Theory of Neural Information Processing Systems
Title | Theory of Neural Information Processing Systems PDF eBook |
Author | A.C.C. Coolen |
Publisher | OUP Oxford |
Pages | 596 |
Release | 2005-07-21 |
Genre | Neural networks (Computer science) |
ISBN | 9780191583001 |
Theory of Neural Information Processing Systems provides an explicit, coherent, and up-to-date account of the modern theory of neural information processing systems. It has been carefully developed for graduate students from any quantitative discipline, including mathematics, computer science, physics, engineering or biology, and has been thoroughly class-tested by the authors over a period of some 8 years. Exercises are presented throughout the text and notes on historical background and further reading guide the student into the literature. All mathematical details are included and appendices provide further background material, including probability theory, linear algebra and stochastic processes, making this textbook accessible to a wide audience.
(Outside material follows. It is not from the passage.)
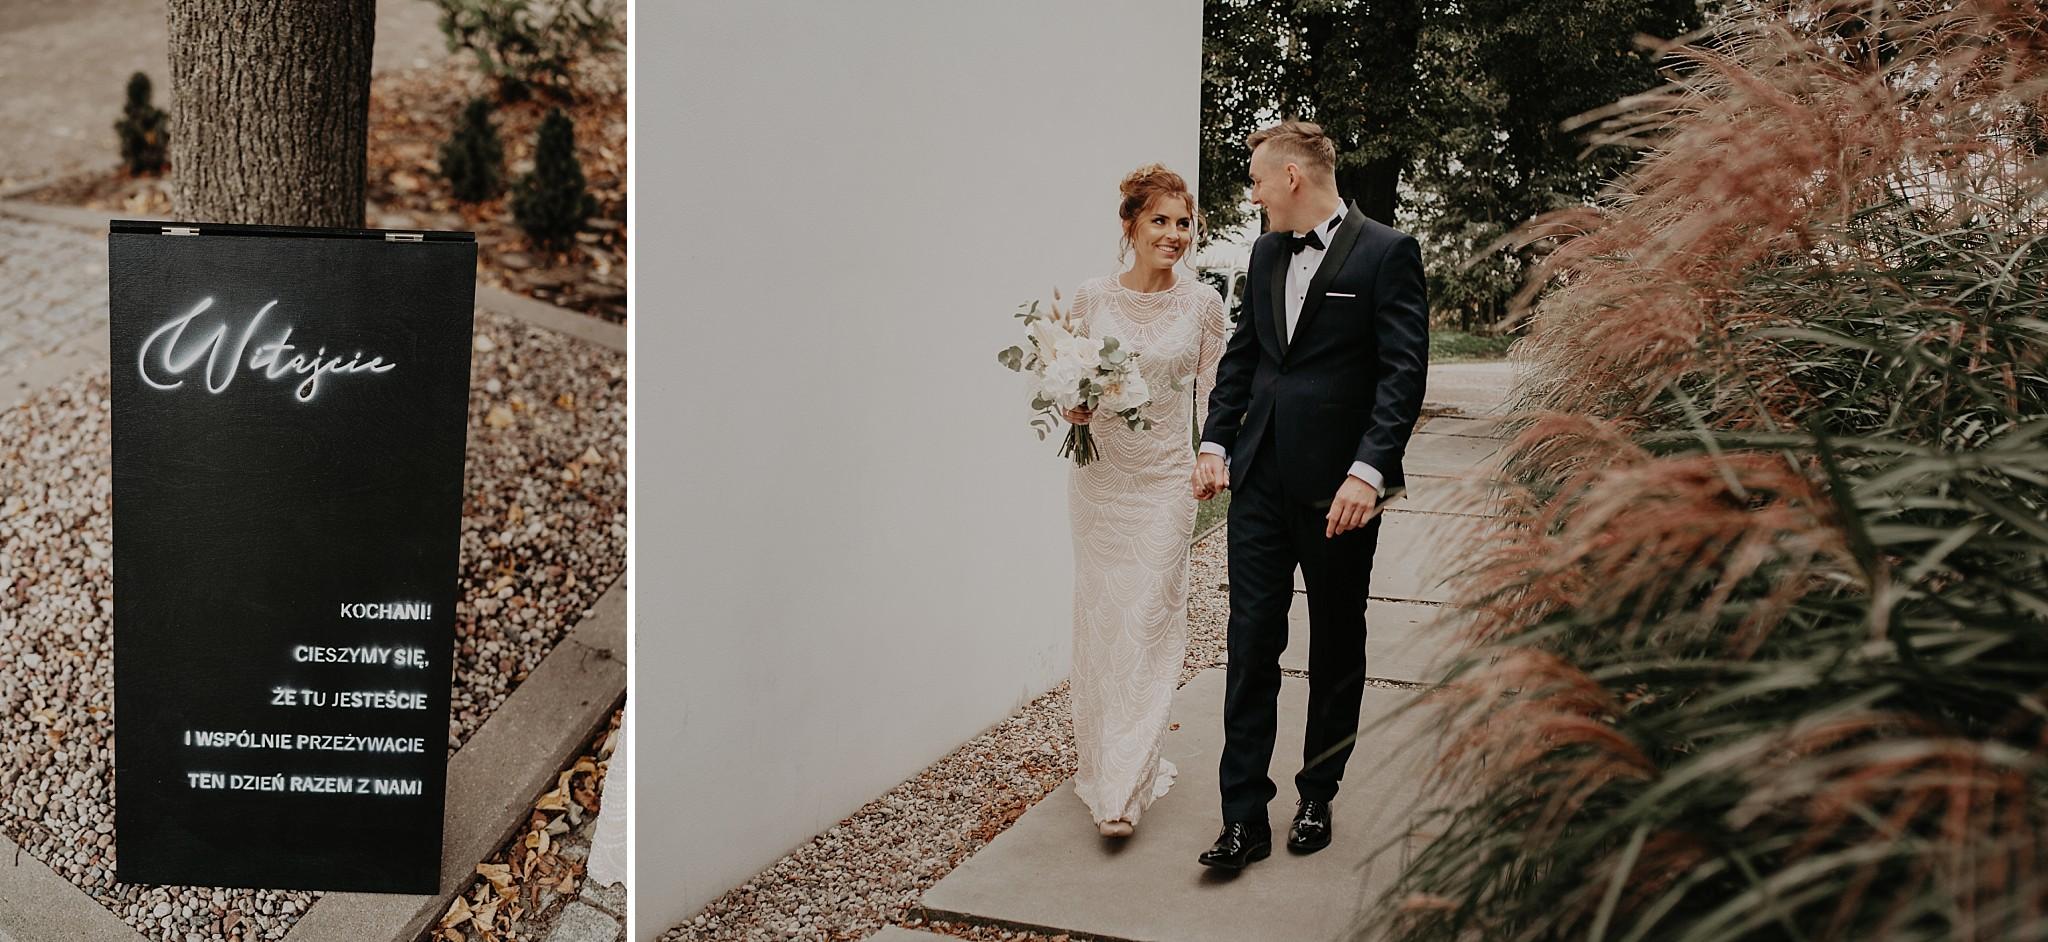 fotograf poznan wesele dobra truskawka piekne wesele pod poznaniem wesele w dobrej truskawce piekna para mloda slub marzen slub koronawirus slub listopad wesele koronawirus 240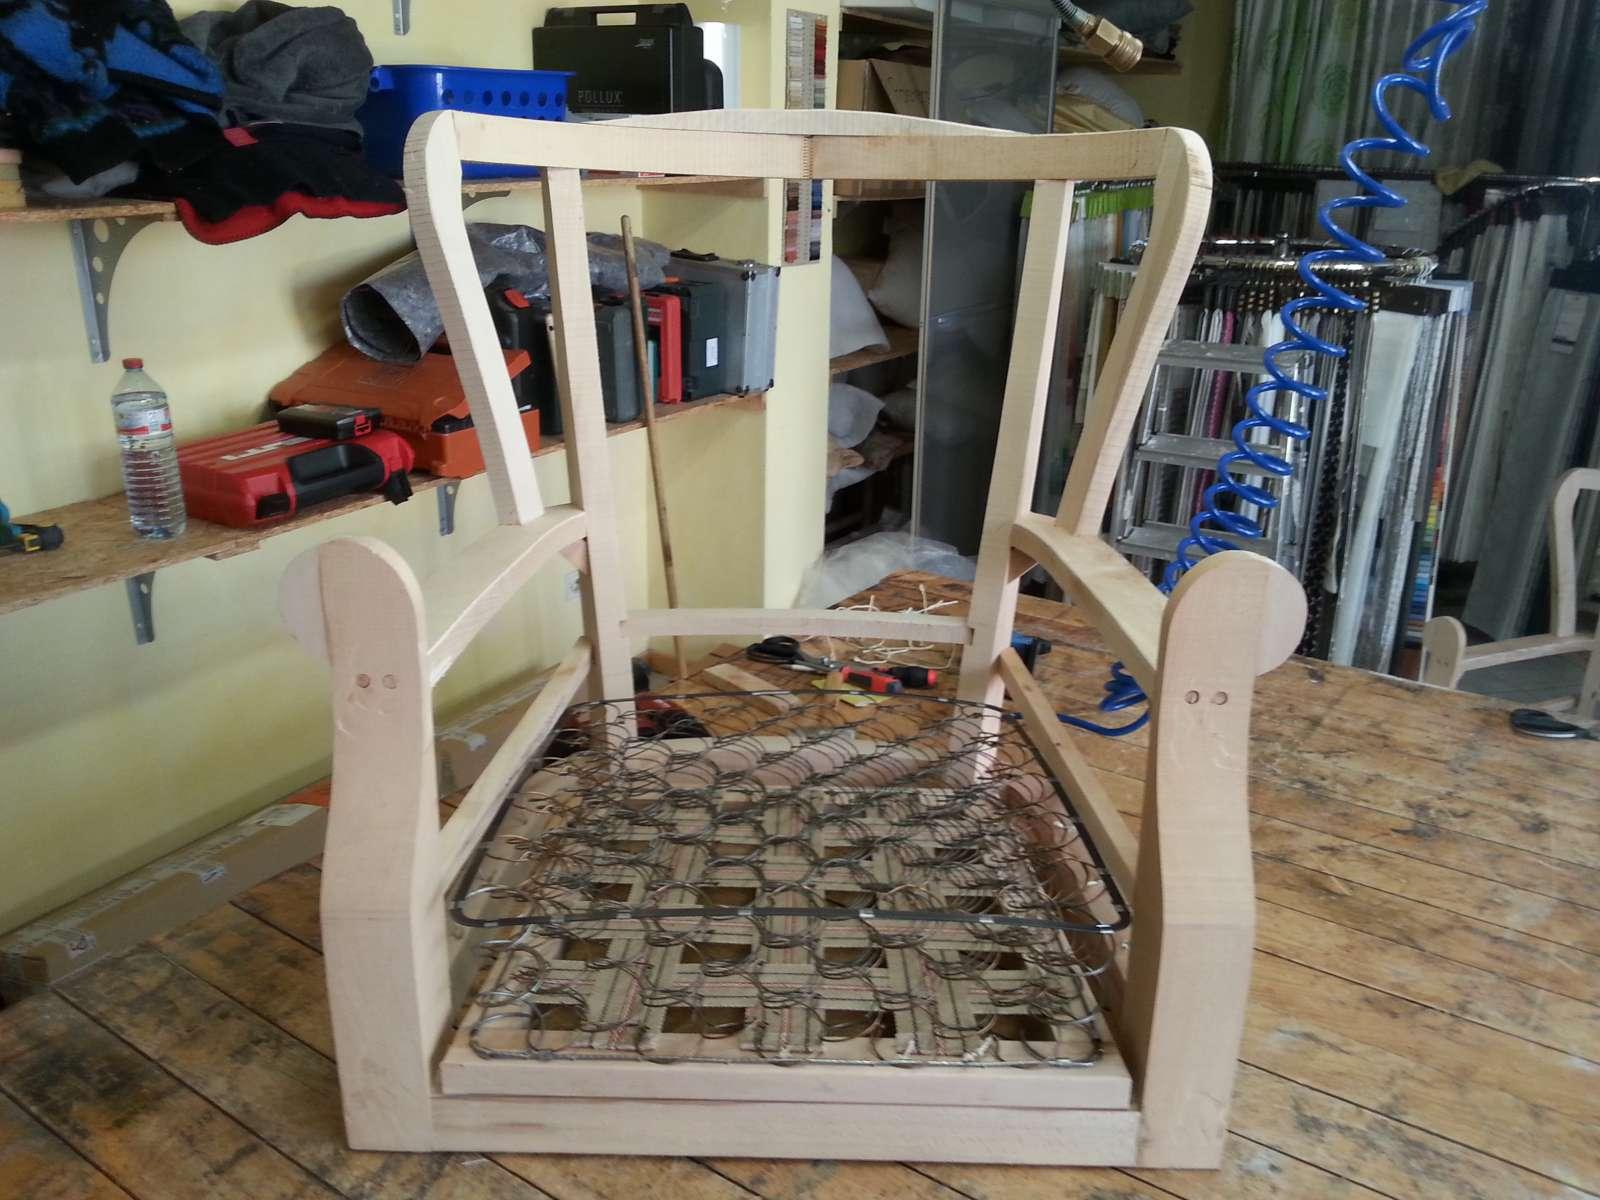 polsterei karlsruhe blum raumausstatter. Black Bedroom Furniture Sets. Home Design Ideas

The Deep Learning Revolution
Title | The Deep Learning Revolution PDF eBook |
Author | Terrence J. Sejnowski |
Publisher | MIT Press |
Pages | 354 |
Release | 2018-10-23 |
Genre | Computers |
ISBN | 026203803X |
How deep learning—from Google Translate to driverless cars to personal cognitive assistants—is changing our lives and transforming every sector of the economy. The deep learning revolution has brought us driverless cars, the greatly improved Google Translate, fluent conversations with Siri and Alexa, and enormous profits from automated trading on the New York Stock Exchange. Deep learning networks can play poker better than professional poker players and defeat a world champion at Go. In this book, Terry Sejnowski explains how deep learning went from being an arcane academic field to a disruptive technology in the information economy. Sejnowski played an important role in the founding of deep learning, as one of a small group of researchers in the 1980s who challenged the prevailing logic-and-symbol based version of AI. The new version of AI Sejnowski and others developed, which became deep learning, is fueled instead by data. Deep networks learn from data in the same way that babies experience the world, starting with fresh eyes and gradually acquiring the skills needed to navigate novel environments. Learning algorithms extract information from raw data; information can be used to create knowledge; knowledge underlies understanding; understanding leads to wisdom. Someday a driverless car will know the road better than you do and drive with more skill; a deep learning network will diagnose your illness; a personal cognitive assistant will augment your puny human brain. It took nature many millions of years to evolve human intelligence; AI is on a trajectory measured in decades. Sejnowski prepares us for a deep learning future.